Perched on Nothingness
Broken sidewalk — bleach ragged
The tree to the right homeless
Man under the bush
There is a tower wood the hawk
Perched on nothingness
Fields overturned gauged reddish
The face
Of Rodney King his hand scarred
His gaze dubious television
My son J. lost too where is he
Decades now the flames
The question of race
Too many faces too many killings
Color dissipates only race remains
race beyond race — race
LARB Contributor
Born in Fowler, California — learned corridos and rhymes from his mother, Lucha, on the farm working roads and small towns.

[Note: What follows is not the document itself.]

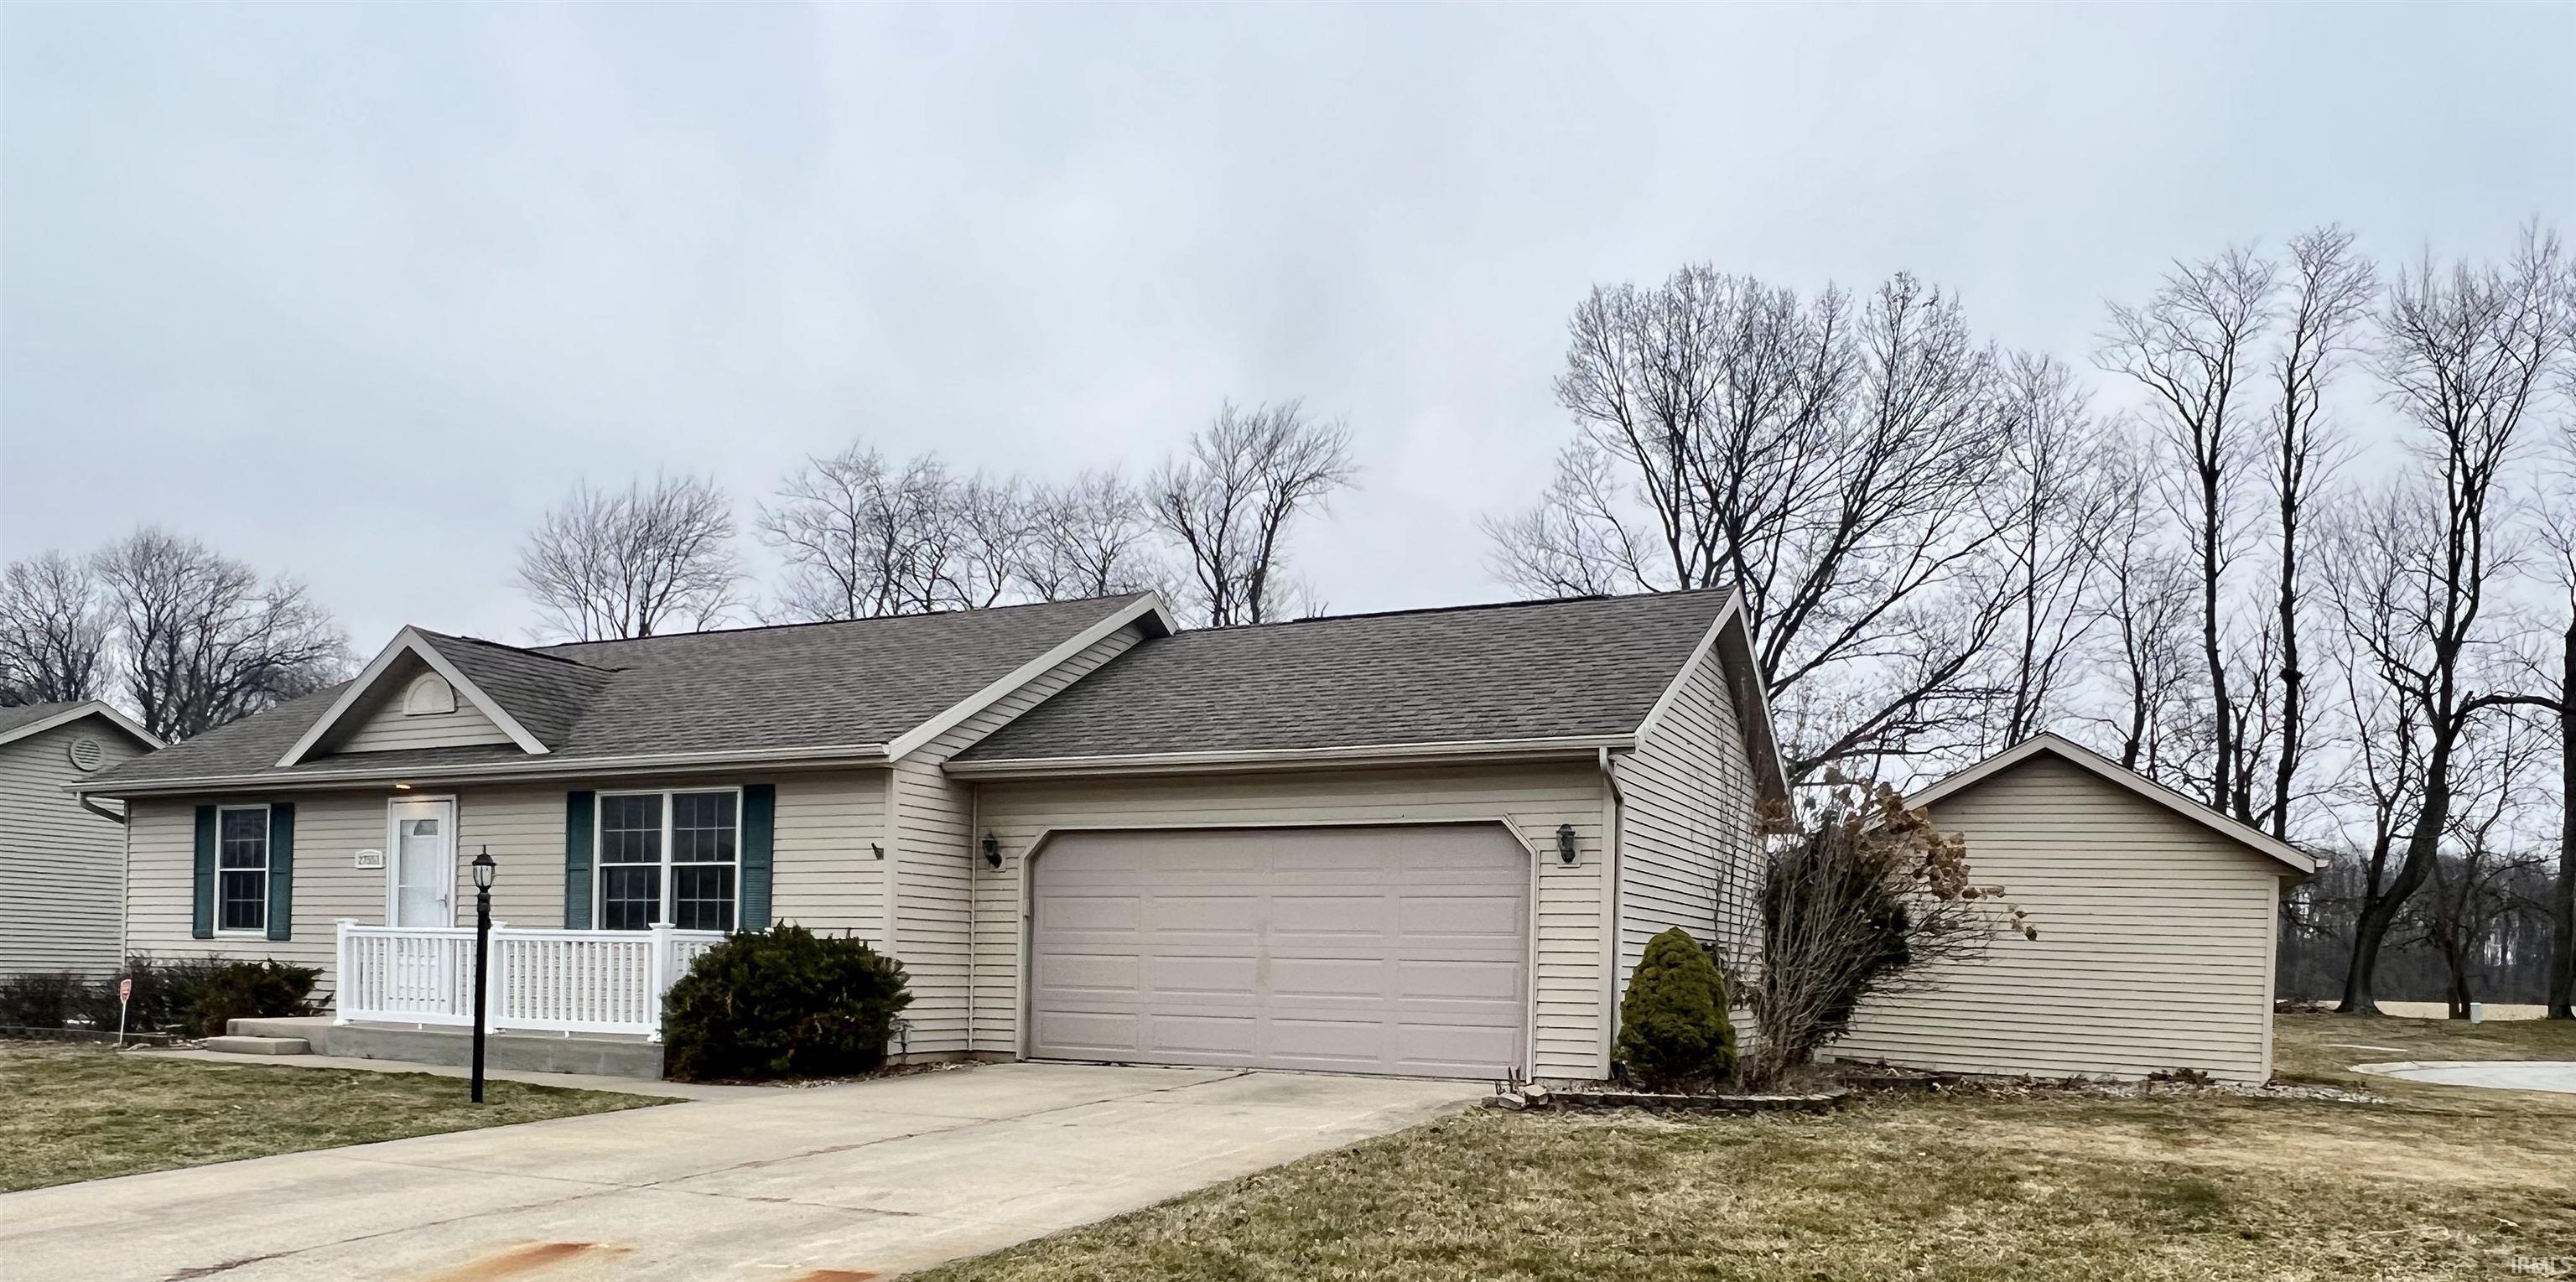 27551 Whitetail Way, Elkhart, IN 46514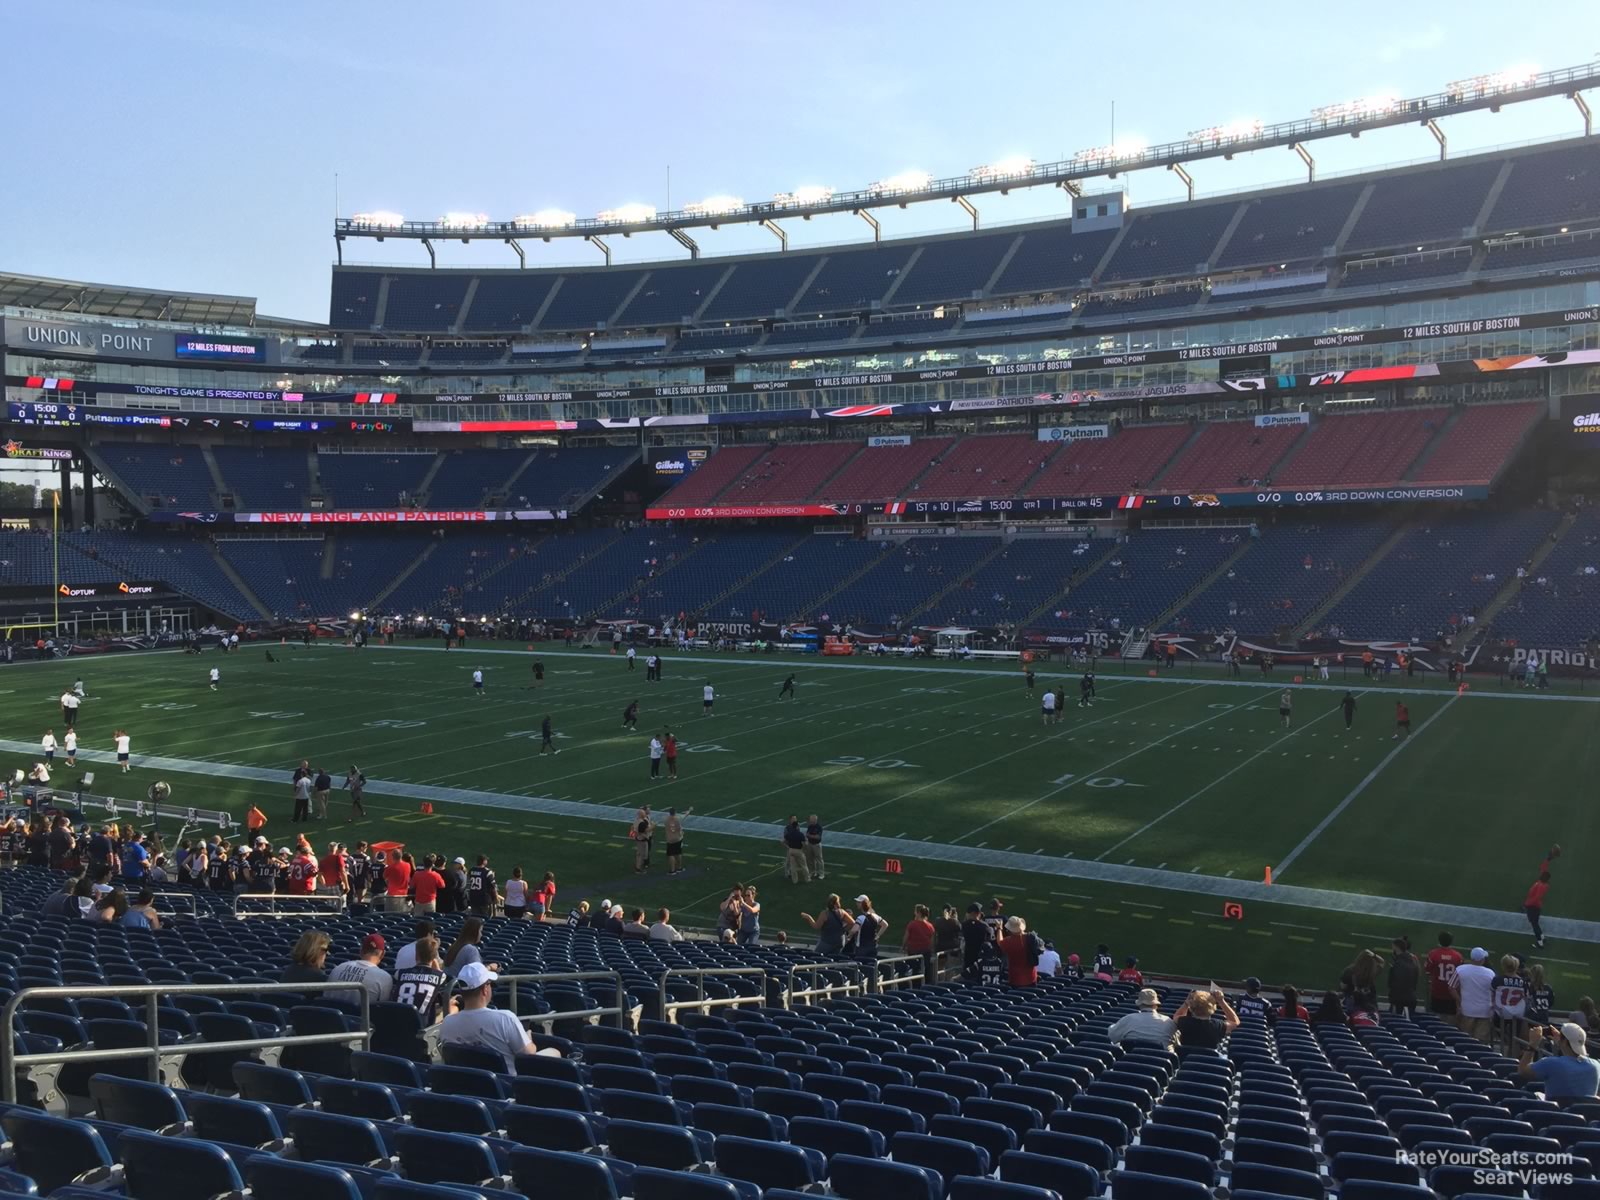 section 105, row 29 seat view  for football - gillette stadium

His father, Felipe, played harmonica telling tales of work in early 1900’s Wyoming. He graduated from UCLA, Stanford and the University of Iowa’s Writer’s Workshop. His awards include the Guggenheim Poetry Fellowship, the National Book Critic’s Circle Award, LA Times Robert Kirsch Lifetime Achievement Award and recently, the International Latino Book Award. He is Emeritus Professor from Fresno State’s Chicano and Latin American Studies program and UC-Riverside’s Department of Creative Writing. In the last decade he has served as a Chancellor of the Board of the Academy of American Poets, California’s Poet Laureate, and the Poet Laureate of the United States. Recent book is Every Day We Get More Illegal.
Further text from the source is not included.